Not really understanding the logic, I do a few searches through the available literature (i.e. Google) and see references to prime numbers in relation to hash functions. I try a few prime numbers for the bucket sizes, and it looks like all of the distribution issues magically go away. So I resolve the bug as “somebody else’s fault”, indicating that the client needs to use a prime number for the number of buckets.
This is inconvenient for the client, but it solves the problem, so it gets written into the documentation for my hash table. The prime-number-of-buckets idiom continues to propagate. (Oh my!)
The Right Way: Steal
While prime numbers smooth over a number of flaws, they really don’t solve the problem. The problem is that poorly developed hash functions aren’t well distributed. Using a prime number of buckets eliminates one class of issues (which seems to be the most common class), making the performance acceptable in more cases, but other issues remain. In addition, requiring a prime number of buckets causes some inconvenience — the client now needs a table of prime numbers, hash computations require a division operation, hash table resizing becomes more complex, etc.
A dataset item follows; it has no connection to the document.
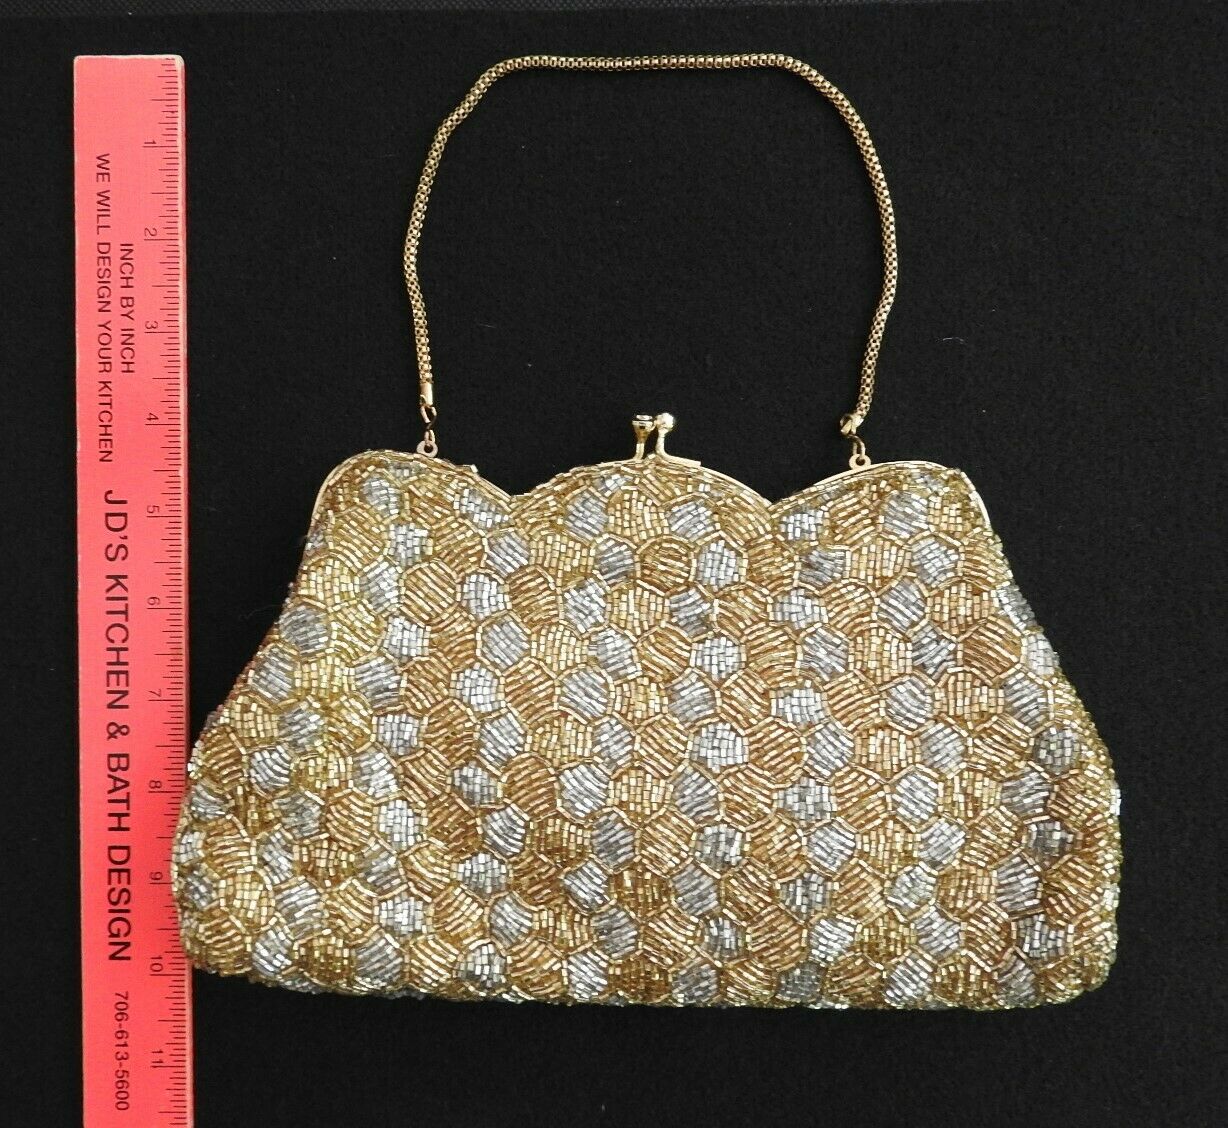 Exquisite Silver & Gold Beaded Evening Bag Purse Clutch; Satin Lining, Handmade
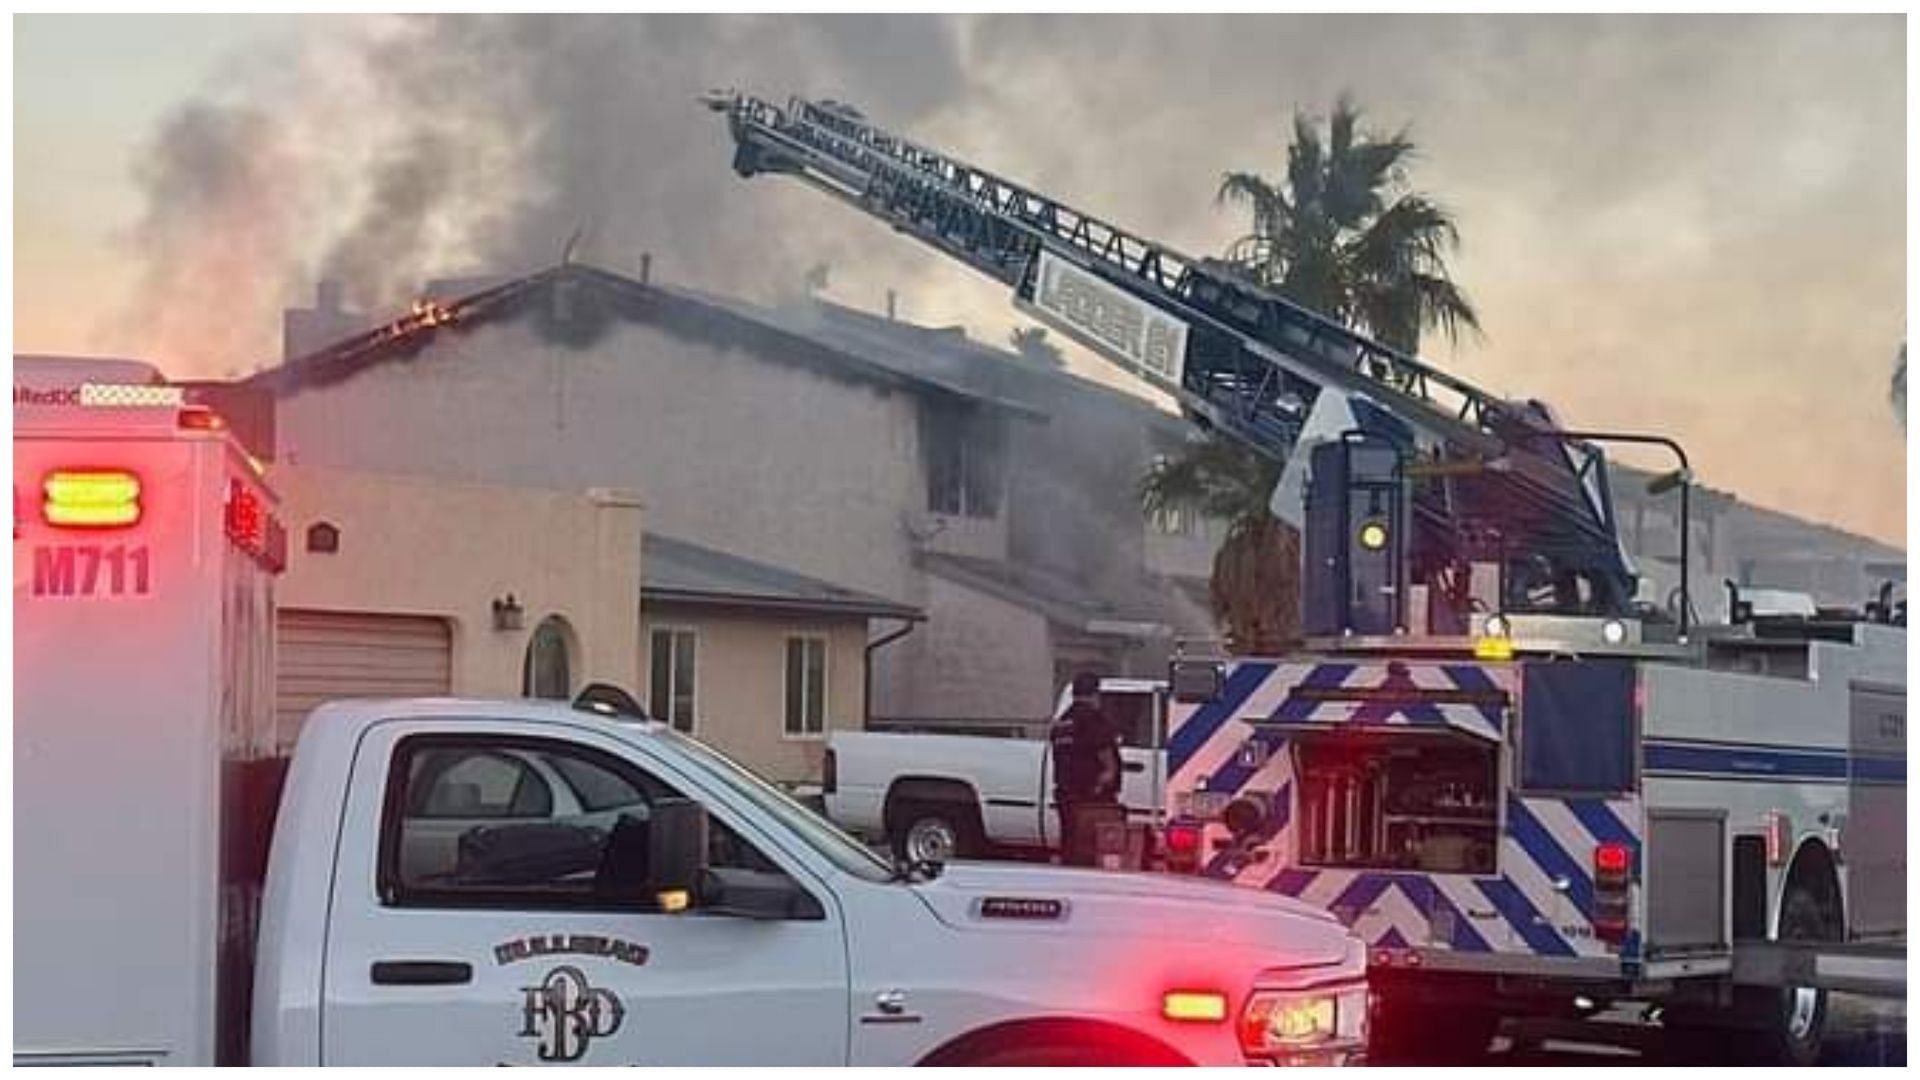 5 children lost their lives in a tragic house fire (Image via X/@VeteransforKari)

It turns out that with some careful design, it is possible to create hash functions that do not contain these periodic flaws. These high-quality hash functions are very good at producing even distributions over nearly any number of buckets given nearly any input. The result is that there need be no hash-function-induced constraint on the number of buckets.
Since careful design of hash functions is not something most developers (myself included) know how to do, the best advice I have is this: steal. The best code is the code you don’t have to write yourself. There are many good hash algorithms out there that have undergone extensive analysis and have excellent distributions for nearly all kinds of input. Some are even extremely simple. All of them will almost certainly knock the socks off of anything you can develop on your own in terms of even distributions. Most of them will run more quickly than your home-grown solution. And they’re free.
Here is a very simple hash function (Jenkins One-At-A-Time) that is better in almost every way than anything I saw in college (assume ub4 is a typedef for a 4-byte unsigned integer):
ub4 one_at_a_time(char *key, ub4 len, ub4 hash = 0)
for (i=0; i<len; ++i)
hash += key[i];
hash += (hash << 10);
hash ^= (hash >> 6);
hash += (hash << 3);
hash ^= (hash >> 11);
hash += (hash << 15);
You can easily use this for any size of hash table by dividing and taking the remainder. Even better, use it with power-of-two hash tables by masking off the top bits of the hash. You can hash multiple parts of a structure by calling the function repeatedly and chaining the result each time.